Scales are fundamental to every visualization you will create because they allow us to translate data from a data point to a visual encoding. For example, visualizing a grade on an exam requires the data point (ex: 92%) to be placed on the visualization at the appropriate location to indicate that the grade was a 92%.
d3.js provides numerous built-in scales that covers the most common visual encodings of data. Your choice of what scale to use will be primary driven by your underlying data:
Quantitative data is nearly always in a continuous domain (ex: grades are any value between 0-100, the temperature outside is any value between 0-100, etc). We’ll explore scales that allow to scale this data to both a continuous range (ex: linearly, logarithmically) and to scale this data to discrete ranges (ex: quantize, quantile).
Categorical data contains a set of fixed, discrete values as data points and uses a different set of scales due to the discrete domain. We’ll explore scales appropriate for bar-chart-style visualizations (“bands”) and for single-point visualizations (“points”).
Before we get into using scales, we need to understand two fundamental aspects of a scale: domain and range. If you a familiar with mathematical functions, you will find a scale is nothing more than a mathematical function (y = f(x)) that maps an input domain (x) to a range (y).

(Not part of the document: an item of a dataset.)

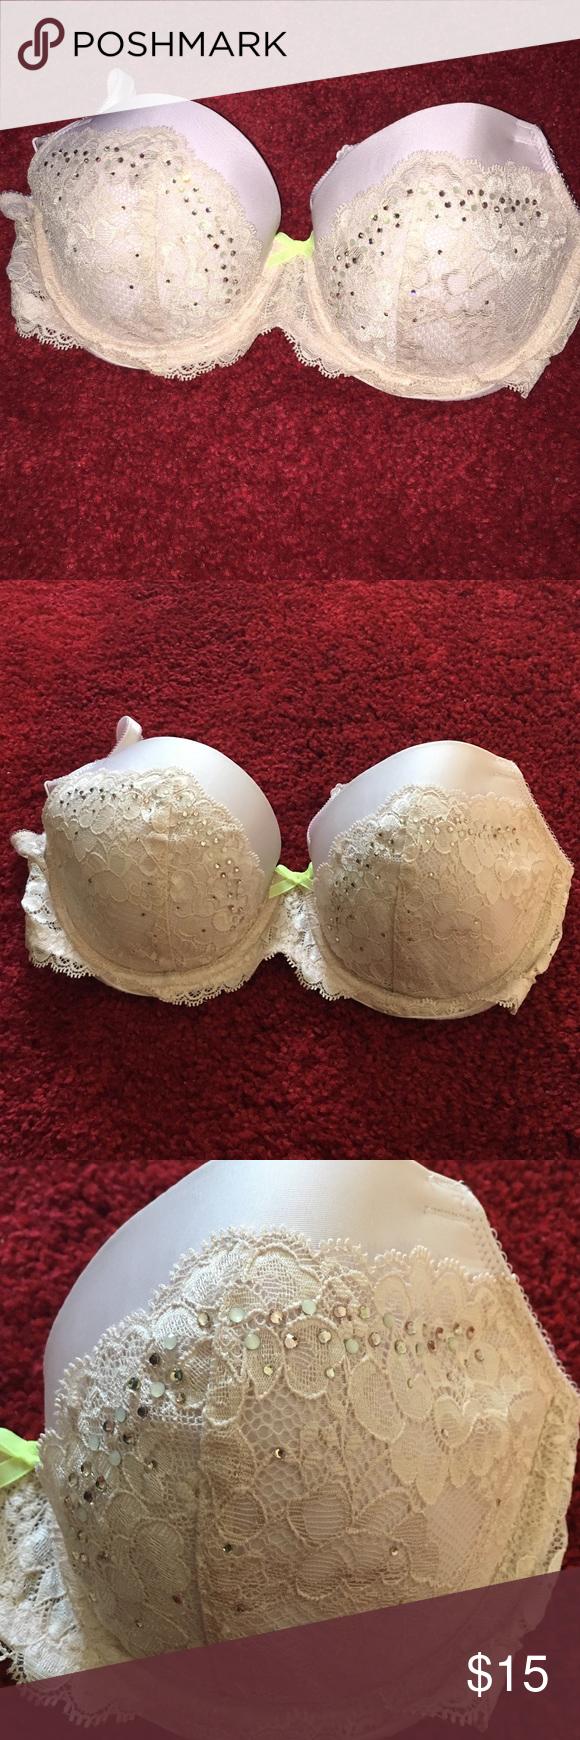 Victoria secret bra Lace dream Angels 32DD Victoria's Secret Intimates & Sleepwear Bras

The input domain is the set of values where the scale is defined. For some scales, the domain is continuous (ex: all possible values between two numbers) or discrete (ex: a set of numbers, categories, or labels). Continuous domains are often used for quantitative data, where the data is between two fixed points or between a minimum and maximum value. Discrete domains are used for categorical data, where the data can only be a specific set of values. d3.js represents all domains, both continuous and discrete, as an array.
Continuous domains are represented by an array of two or more elements. For example, a grade on an exam (where the exam is scored 0-100) has a continuous from 0 to 100; this is represented by [0, 100]
. The GDP per person across various countries may range from $100-$20,000; this is represented by [100, 20000]
.
Discrete domains are represented by an array of element where each element is a category. If we have categorized weeks as being “Extremely Dry”, “Dry”, “Average”, “Wet”, and “Extremely Wet”, the domain is the array [TODO]
.
The output range is the set of values where the scale will map values to from the domain. While the domain is defined in terms of the input data, the range is defined in terms of the visualization. For visual encoding of planar features, this range is often in terms of the width or height of the drawing region; for other features, the range may be a color (hue, saturation, etc), value, or other value.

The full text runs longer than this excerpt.